Open Adoption, Open Heart
We feel like it is our job to load up our kids’ tool box – to do our best to make sure they have the tools they will need for the future. My wife and I went through a lot of crazy things, legal and emotional, while we were going through our adoptions. A lot of things we did for our own benefit and a lot of things were done for the benefit of the birth parents. Everything we did was for the benefit of our children. If we didn’t think it would benefit them, we wouldn’t have done it.
My children are still pretty young. Open Adoption, Open Heart is the story of our first adoption (the story of our second adoption will be out in a few months). It tells about our journey while developing the relationships of an open adoption, starting with our infertility struggles up through one year after our adoption took place. It was important for me to wait a year to write the book because the birth and placement of the child into our home is just a piece of the story- a piece in the middle, not the end.
Open adoption is a broad term that means there is still contact between the biological parents and the adoptive family. In some cases, like with ours, there is a lot of contact. We talk to our son’s birth mom a few times a week and share photos constantly. With our daughter’s birth mom, she has asked for a little more space than that, so we talk to her once every few weeks, and send pictures when she requests them. Contact with our daughter’s birth dad is about the same.
Right now is the time we’re paving the roads. One of our kids is 2 ½ and the other is just 17 months behind. They’re still too young to really comprehend what’s going on. When their birth parents come to visit, I can see that they know of the intense love shown to them- more than just our friends show them, but I don’t think they grasp the difference between that love and the love of, say,their aunts and uncles. We’re working on that, though. We have pictures of their birth parents on their bedroom walls. We take time to explain it to them. They don’t understand yet, but someday it will make sense.
We’re paving those roads, flattening out the bumps the best we can. Someday the time will come when we hand the keys over to the kids. Someday it will be for them to decide what that relationship will be. If they want less contact than what we’ve established, we will be ready to accept that. If they want more contact that what we’ve established, we’ll be ready for that too. The pathway between their biological family and their adopted family will be paved the best we can for when that time comes.
We love their biological families dearly. We love them for whom they are and they love us. Our children will no doubt see that love and our hope is that they’ll respond in kind. Their history is not one of abandonment, but is of love. They’ll have access firsthand to seeing that’s true. Hooray for birth parents. Hooray for open adoption.
Open Adoption, Open Heart
The world of adoption has changed dramatically over the past twenty years. No longer do biological parents have to say goodbye to their child forever. They now have more options when deciding the type of adoption to pursue, such as open adoption. Open adoption creates the opportunity for a special relationship between biological parents, the adoptive parents, and the child. Open Adoption, Open Heart is an inspiring and true story, which takes the reader deeper into the feelings and emotions experienced by adoptive parents. As you read this incredible story, you will experience the joys, difficulties, and amazing victories facing adoptive couples. Russell and his wife, Jammie, invite you to share in their inspiring and heartwarming journey.
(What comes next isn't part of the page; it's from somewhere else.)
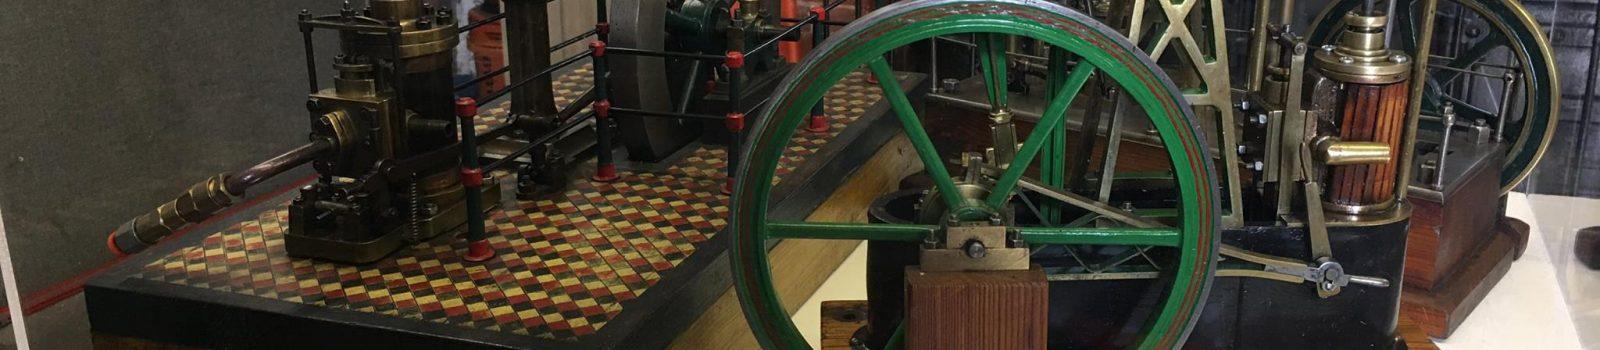 Miniature Beam Engines

From the Author: While my book's primary audience was thought to be those hoping to adopt, close to half of the books I've sold are simply people who want to read about our story and how adoption is different now than it used to be- and they have not adopted nor do they plan to adopt.
About the Author: Russell Elkins was born on Andrews Air Force Base near Washington, D.C., in the fall of 1977. Along with his five siblings, he and his military family moved around a lot, living in eight different houses by the time he left for college at age 17. Although his family movedaway from Fallon, Nevada, just a few months after he moved out, he still considers that little oasis in the desert to be his childhood hometown. He and his family now live in the Boise, Idaho area.
Russell has always been a family man at heart, looking forward to the day when he could be a husband and a father. It took him a little while, but eventually his eyes locked onto a beautiful blonde, and he has never looked away. Russell and Jammie were married in 2004. Years of struggling with infertility left Russell and Jammie with a decision to make and their lives changed dramatically when they decided to adopt.
Russell and Jammie have adopted two beautiful children, Ira and Hazel, and have embraced their role as parents through open adoption. Both are actively engaged in the adoption community by communicating through social media, taking part in discussion panels, and writing songs about adoption. Russell also writes a weekly post for Adoption.com and contributes regularly to Adoption Voices Magazine.